<< Fire is not plasma becuase a condition for plasma is that ALL electrons are stripped from the atom. AFAIK, fire only has enough energy to strpi the outer shells most of the time. >>
Definition: A highly ionised gas in which the number of free electrons is approximately equal to the number of positive ions. Sometimes described as the fourth state of matter, plasmas occur in interstellar space, in the atmospheres of stars (including the sun), in discharge tubes, and in experimental thermonuclear reactors.
Because the particles of a plasma are charged, its behaviour differs in some respects from that of a gas. Plasmas can be created in the laboratory by heating a low-pressure gas until the mean kinetic energy of the gas particles is comparable to the ionisation potential of the gas atoms or molecules. At very high temperatures, from about 50 000 K upwards, collisions between gas particles cause cascading ionisation of the gas. However, in some cases, such as a fluorescent lamp, the temperature remains quite low as the plasma particles are continually colliding with the walls of the container, causing cooling and recombination. In such cases ionisation is only partial and requires a large energy input. In thermonuclear reactors, an enormous plasma temperature is maintained by confining the plasma away from the container walls using electromagnetic fields.
Thus, complete ionisation is not a requirement. In fact, only one electron needs to be removed from every atom for it to be a plasma, and there is enough energy for that.

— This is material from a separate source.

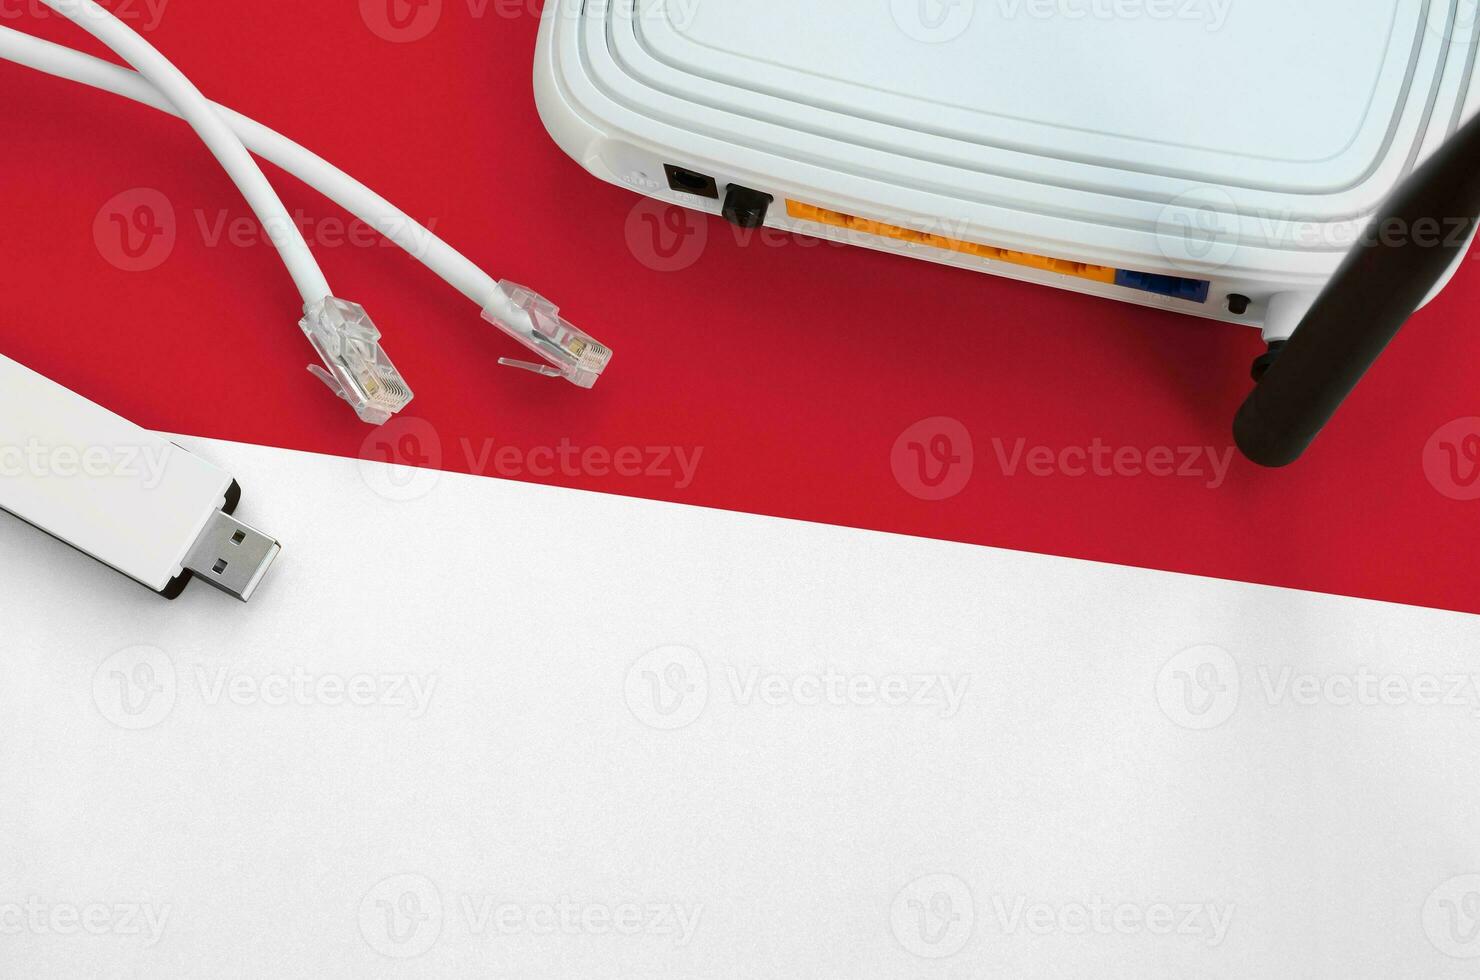 Monaco flag depicted on table with internet rj45 cable, wireless usb wifi adapter and router. Internet connection concept photo

<< Also, The colour from fire could be from 2 different things. First, certain metal ions have electron shell energy differences within the visible spectrum which means, if excited, it will emit a very pure spectral colour from the electron descending down a shell. Second, is due to temperature from balckbody radiation and this is emitted in a continuous spectrum depending on temperature. >>
Actually, if you look at the spectrum of a fire, you will see a blackbody distribution with the material absorption lines of whatever is in the gas.